Please restate the data that follows word for word, with the pictures left out.

• RAW DATA

★ ★ ★ ★

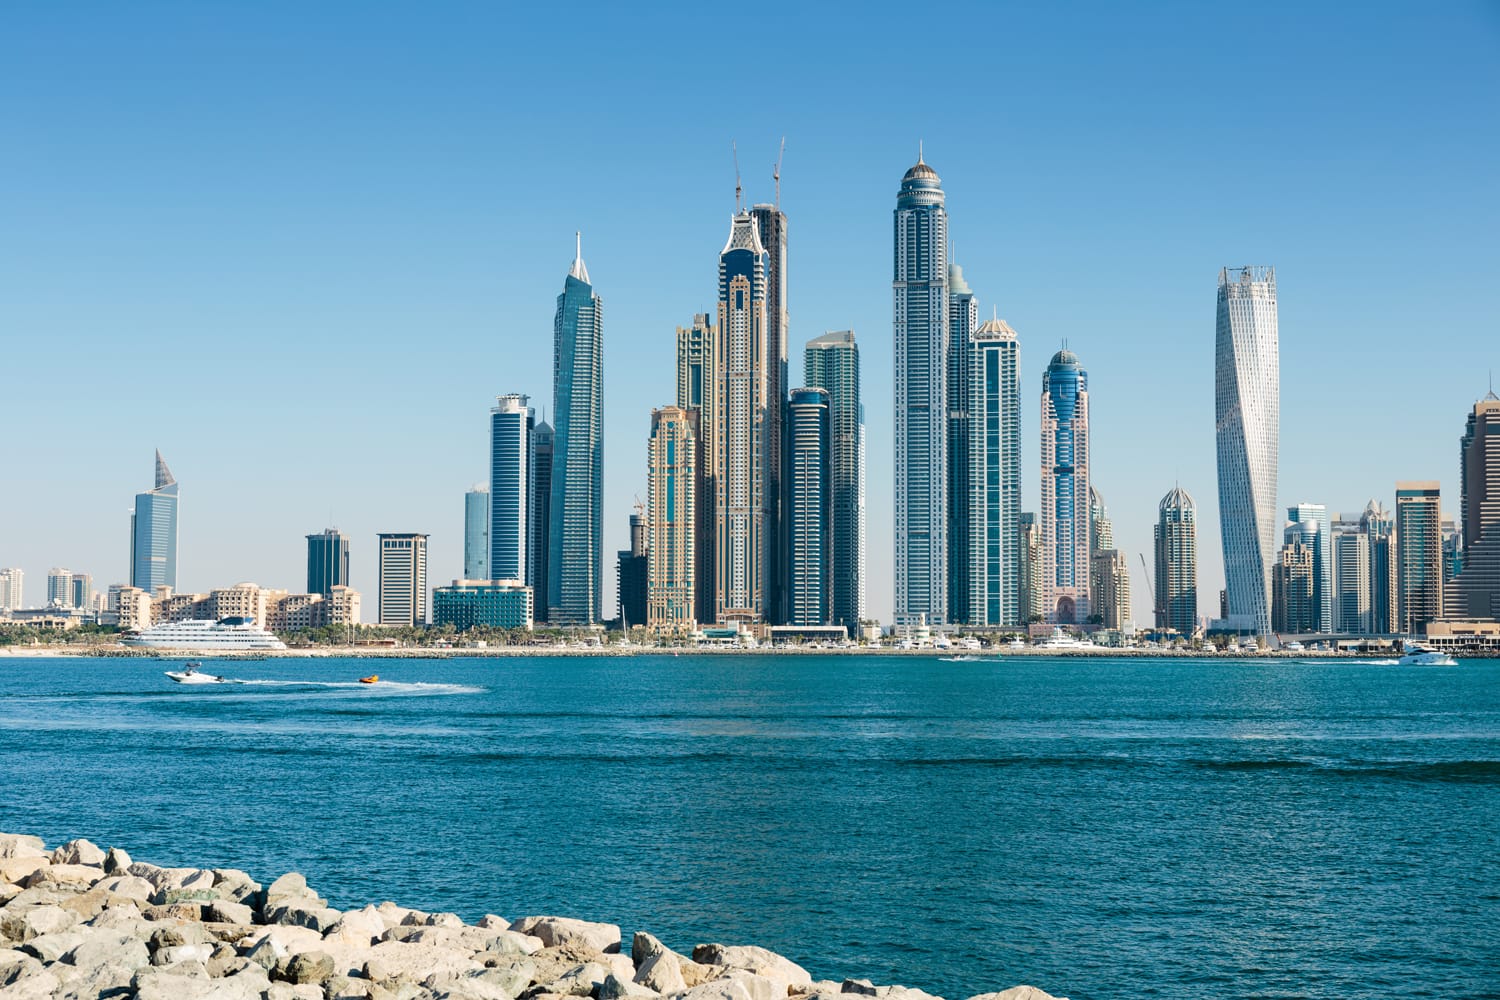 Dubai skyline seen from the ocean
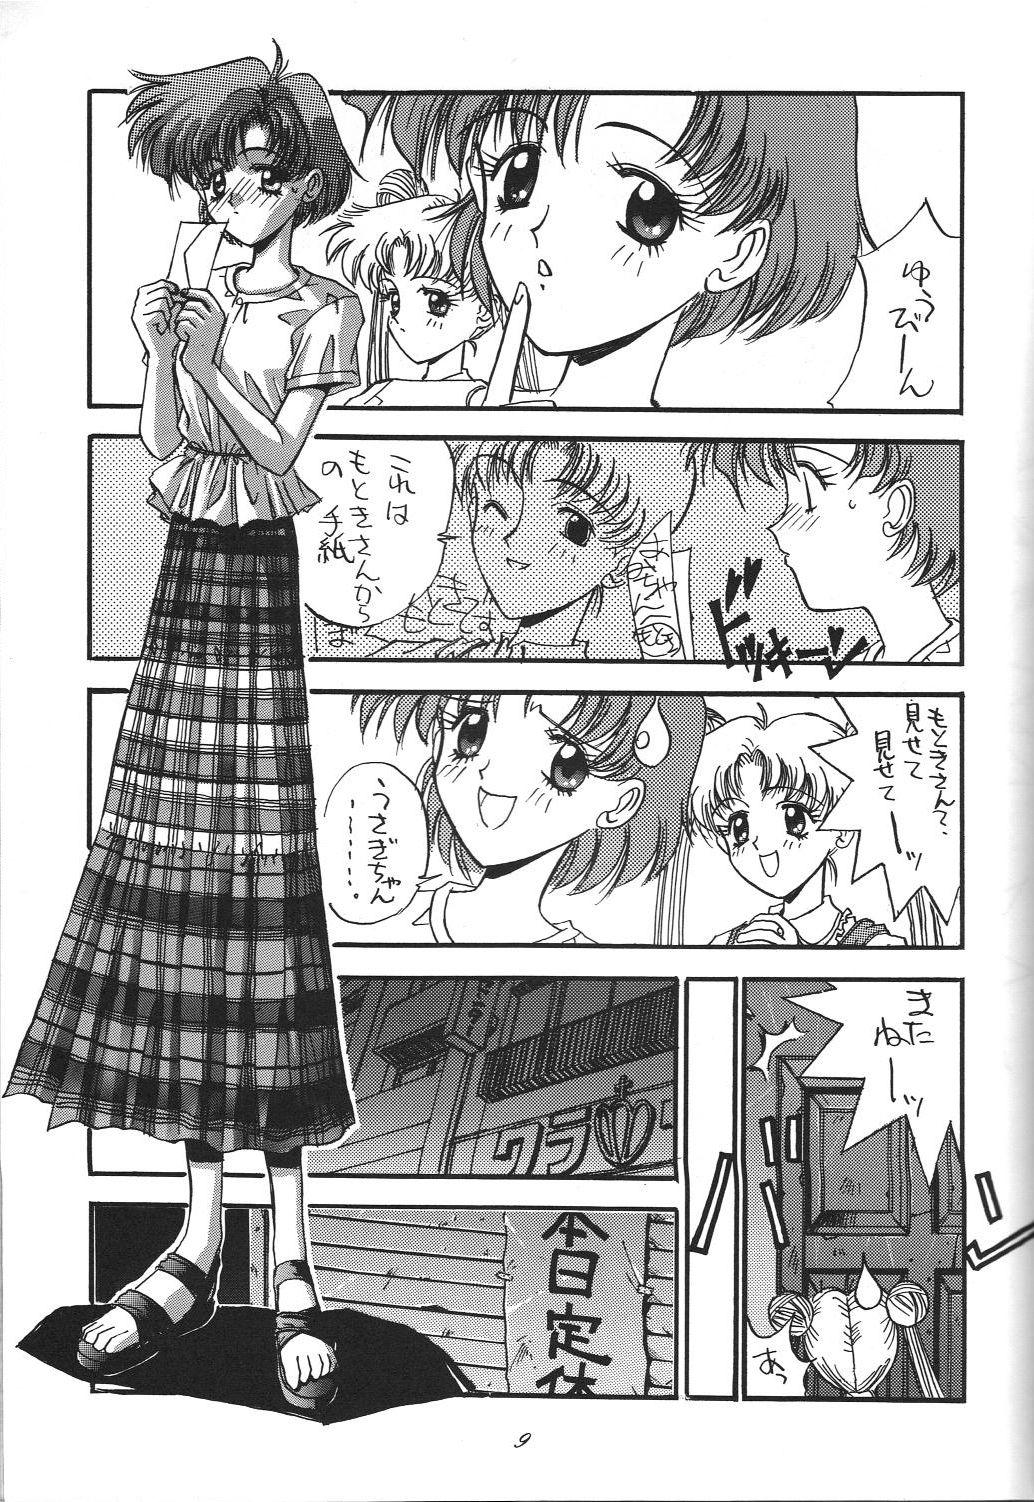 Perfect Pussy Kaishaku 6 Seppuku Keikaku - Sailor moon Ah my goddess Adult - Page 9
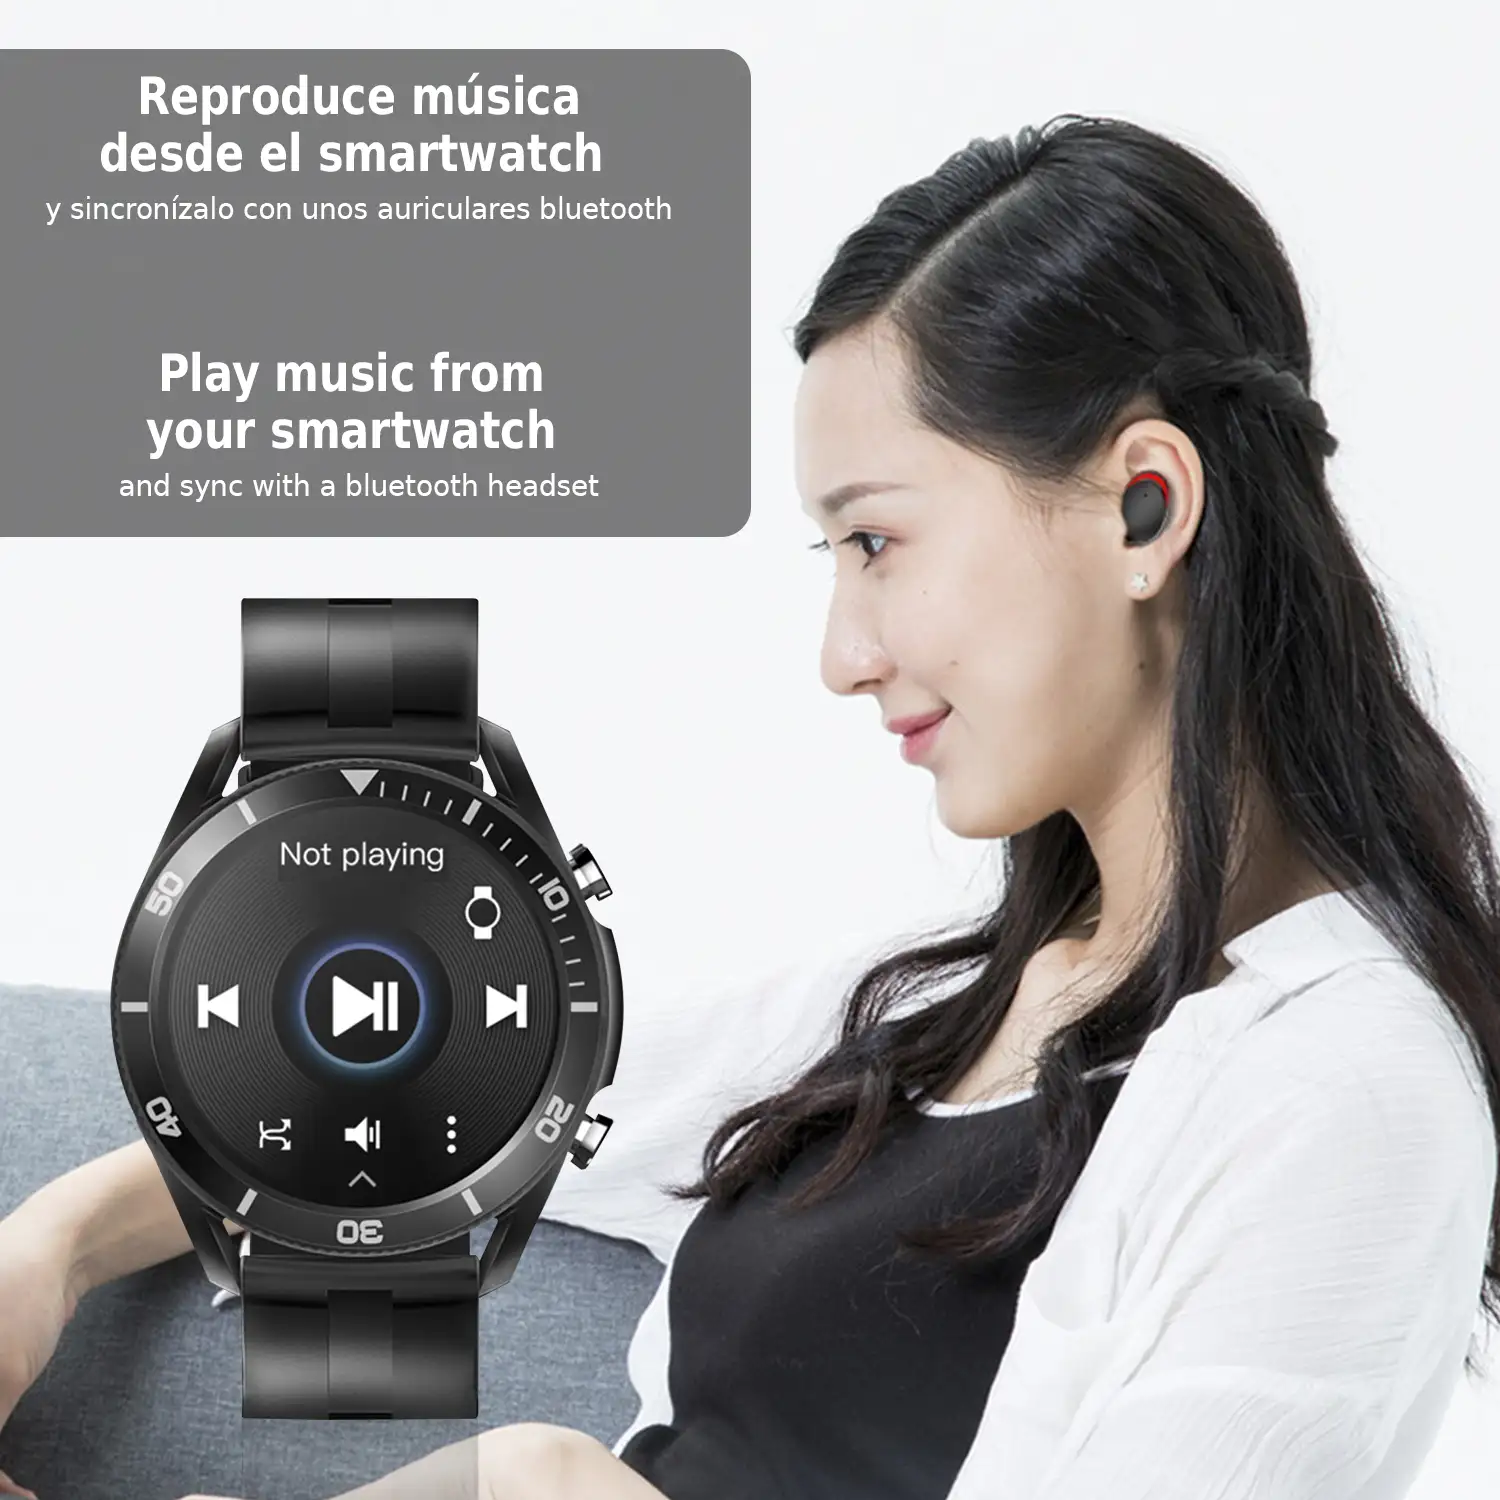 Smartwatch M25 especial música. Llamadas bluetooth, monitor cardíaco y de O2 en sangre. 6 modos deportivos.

★ ★ ★ ★

• RESULT OF THE TASK
 Dubai skyline seen from the ocean
 Perfect Pussy Kaishaku 6 Seppuku Keikaku - Sailor moon Ah my goddess Adult - Page 9
 Smartwatch M25 especial música. Llamadas bluetooth, monitor cardíaco y de O2 en sangre. 6 modos deportivos.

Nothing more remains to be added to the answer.